简体   繁体   English


[英]CNN Architecture with TensorFlow

I am implementing the architecture found within this paper https://cs.nyu.edu/~fergus/papers/zeilerECCV2014.pdf using TensorFlow. 我正在使用TensorFlow实现本文https://cs.nyu.edu/~fergus/papers/zeilerECCV2014.pdf中找到的架构。


I have formatted my input to be 224, 224, 3 and have the following TensorFlow layers. 我将输入的格式设置为224, 224, 3并具有以下TensorFlow层。 The issue I am getting is that the output size of conv1 is not 110 by 110 by 96 as the paper states, rather 109 by 109 by 96. How can I fix this? 我遇到的问题是, conv1的输出大小不是如论文所述的110 x 110 x 96,而是109 x 109 conv1如何解决此问题?
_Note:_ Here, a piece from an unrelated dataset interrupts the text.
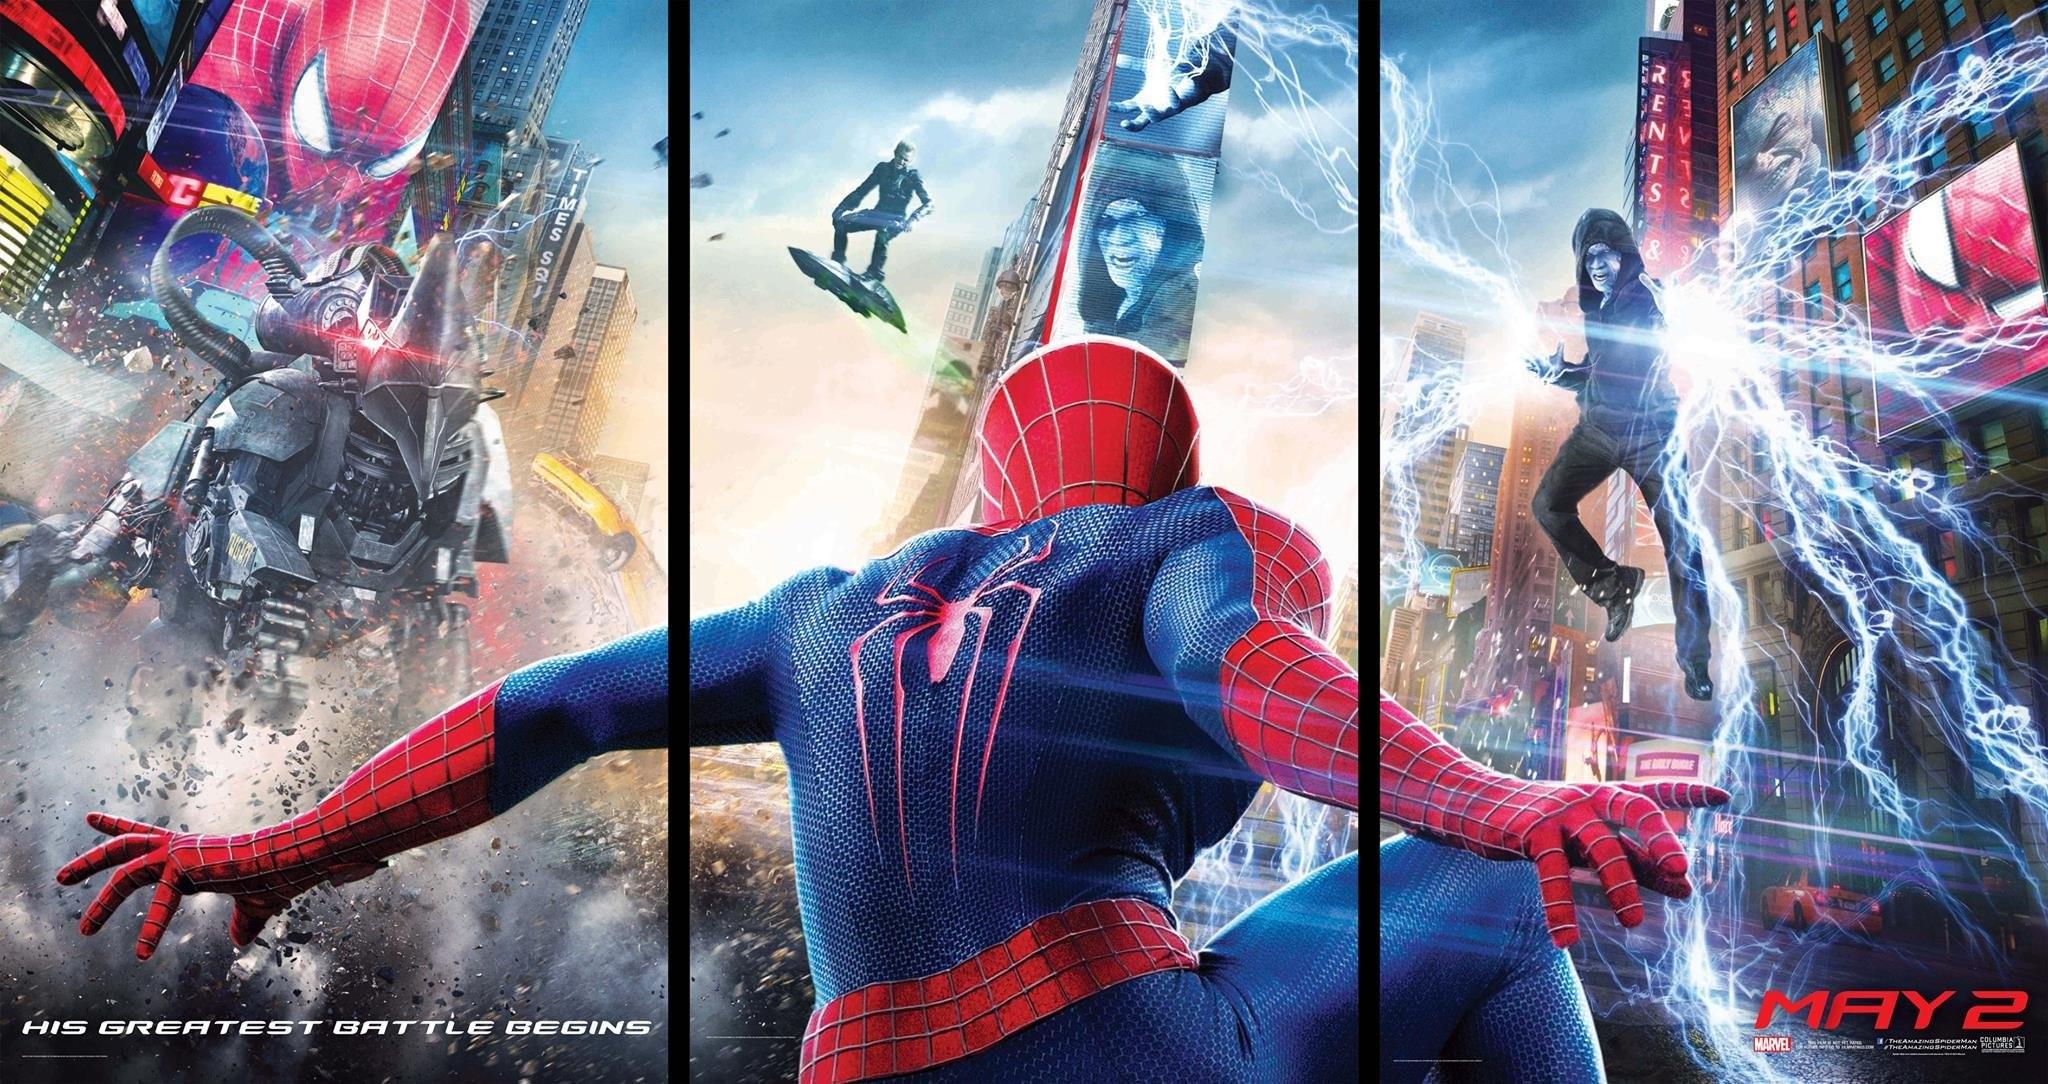 Wonderful Wallpaper Marvel Windows 10 - 993891-marvel-superheroes-wallpaper-2048x1084-windows-10  Best Photo Reference_39486.jpg

I have followed the hyperparemeters specified in the paper on page 8. My only idea is that the padding may be incorrect (as TensorFlow sets it for you). 我遵循了第8页上的论文中指定的超高仪。我唯一的想法是填充可能不正确(因为TensorFlow为您设置了它)。

My code is as below: 我的代码如下:

# Input Layer
# Reshape X to 4-D tensor: [batch_size, width, height, channels]
input_layer = tf.reshape(features["x"], [-1, IMG_SIZE, IMG_SIZE, 3])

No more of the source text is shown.